I am sure there are other useful criteria that could be applied, but I believe these are some of the most prominent ones. Mahir256 (talk) 20:45, 6 September 2024 (UTC)Reply

Emijrpbot isn't even in the TOP100 of accounts which do successive modifications on the same page (known as reedits in Wikiscan). Emijrp (talk) 15:42, 7 September 2024 (UTC)Reply
I second this. Squashing/merging of Revisions might save us a lot of space, out of the current 349 GB perhaps a quarter can be shaved off. That would give us some room to find more long term solutions. So9q (talk) 13:59, 14 September 2024 (UTC)Reply
When it comes to merging revisions, there are two kind of merging. On the one hand, you can merge them at the time the edits are made. On the other hand, you could look back and merge edits within the history.
If storage space is the main bottleneck, editing the history might allow us to merge edits by the same user on the same item together even if they are within an hour of each other instead of just 10 seconds. ChristianKl11:46, 24 September 2024 (UTC)Reply
I agree, timespan is not of importance, edits in between is. As long as there are no edits in between and it is within the same date, I'm good with merging. So9q (talk) 10:16, 26 September 2024 (UTC)Reply

FWIW, the idea would be to remove revisions, not to merge them. let's say a bot makes 100 edits in one minute on an item, the idea would be to remove 98 edits in between the first and the last edits from our databases. ASarabadani (WMF) (talk) 12:38, 24 September 2024 (UTC)Reply

That is a terrible idea if it means a user looking at the history can no longer ascertain who made what edit. How would this affect the edit history? Can someone make an example item on test.wikidata and delete a few revision from the database so we can see how it plays out in the interface afterwards? So9q (talk) 10:19, 26 September 2024 (UTC)Reply

More timeframe details wanted

[edit]

@ASarabadani (WMF) wrote "With the current projections and without interventions, it will soon become unstable and later completely unusable rendering all of Wikidata without a way forward."
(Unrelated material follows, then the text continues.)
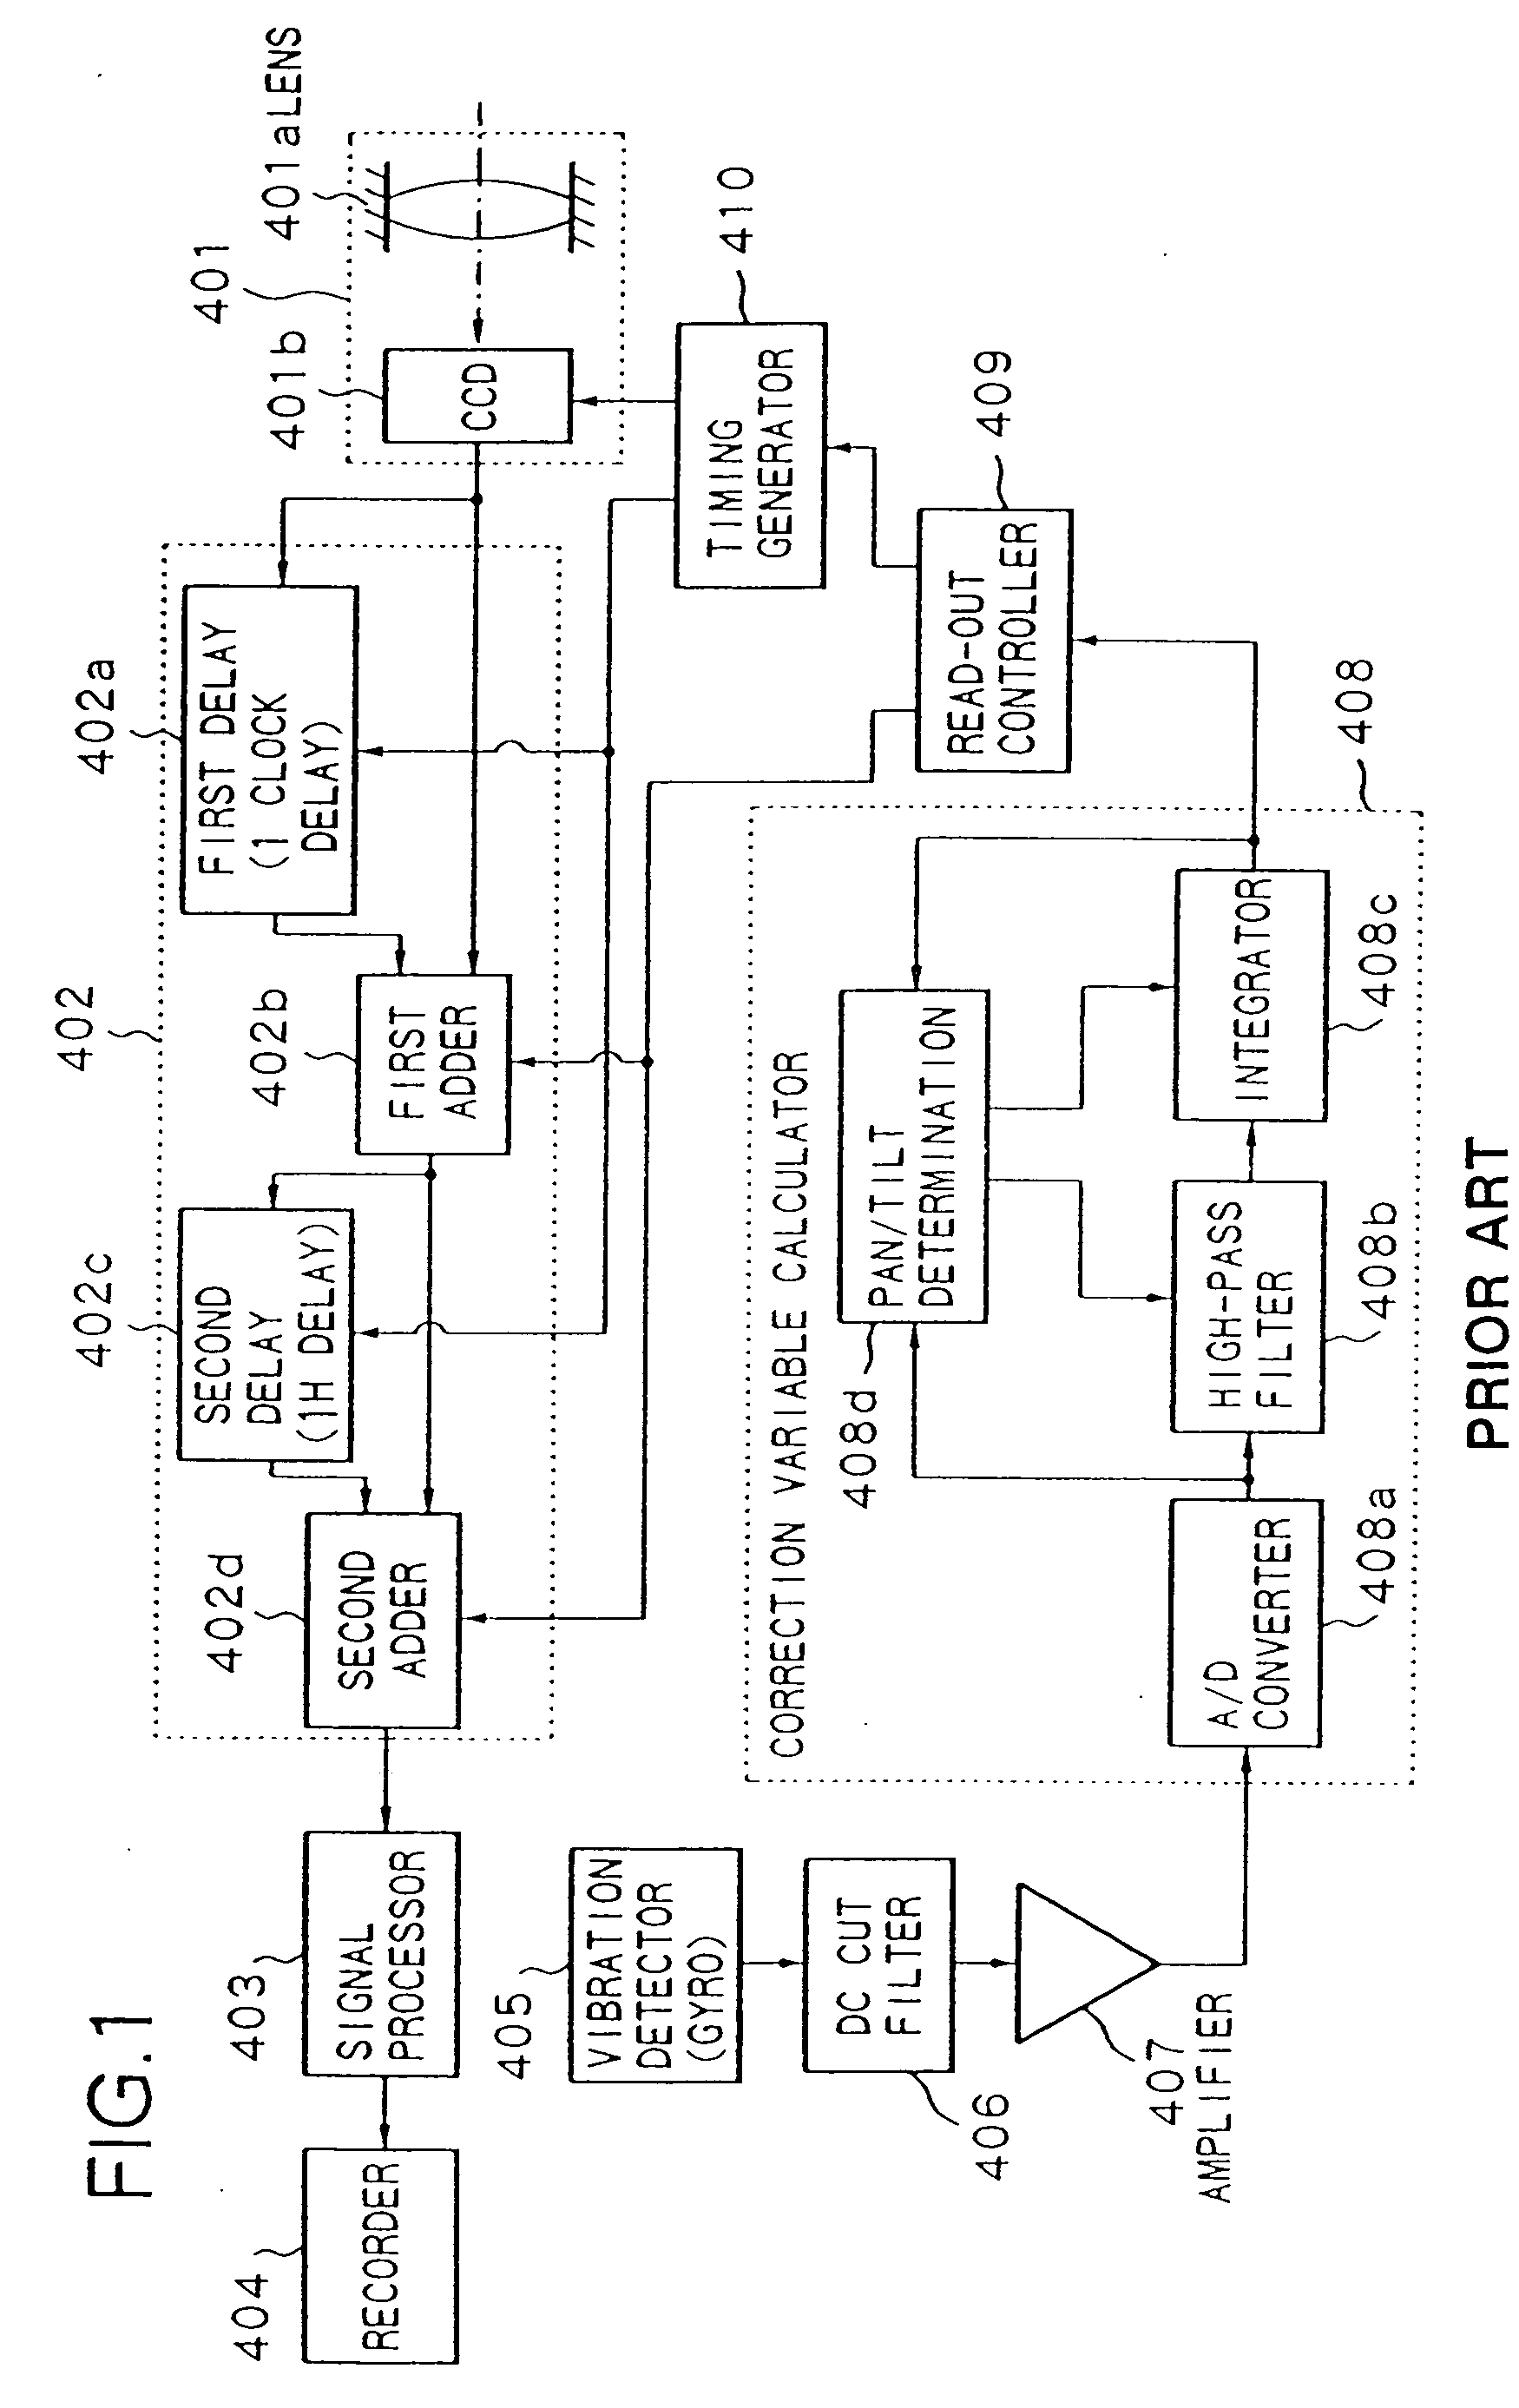 Method and apparatus for image sensing

Could someone provide more details about what soon means? 1 month? 1 year? 3 years? Essentially I want to know how critical it is. So9q (talk) 13:57, 14 September 2024 (UTC)Reply

The answer to your question is a massive "it depends". How much growth it's going to have and how many interventions we do and what do you mean by unusable. ASarabadani (WMF) (talk) 12:47, 24 September 2024 (UTC)Reply

Revision archive

[edit]

Would it be feasible to offload revisions that are older than x days to an archive table that does not need to be kept in memory? If we were to offload everything older than 60 days, how big would the online in memory tables be?

How many of the queries to the database that you specified are for old revisions?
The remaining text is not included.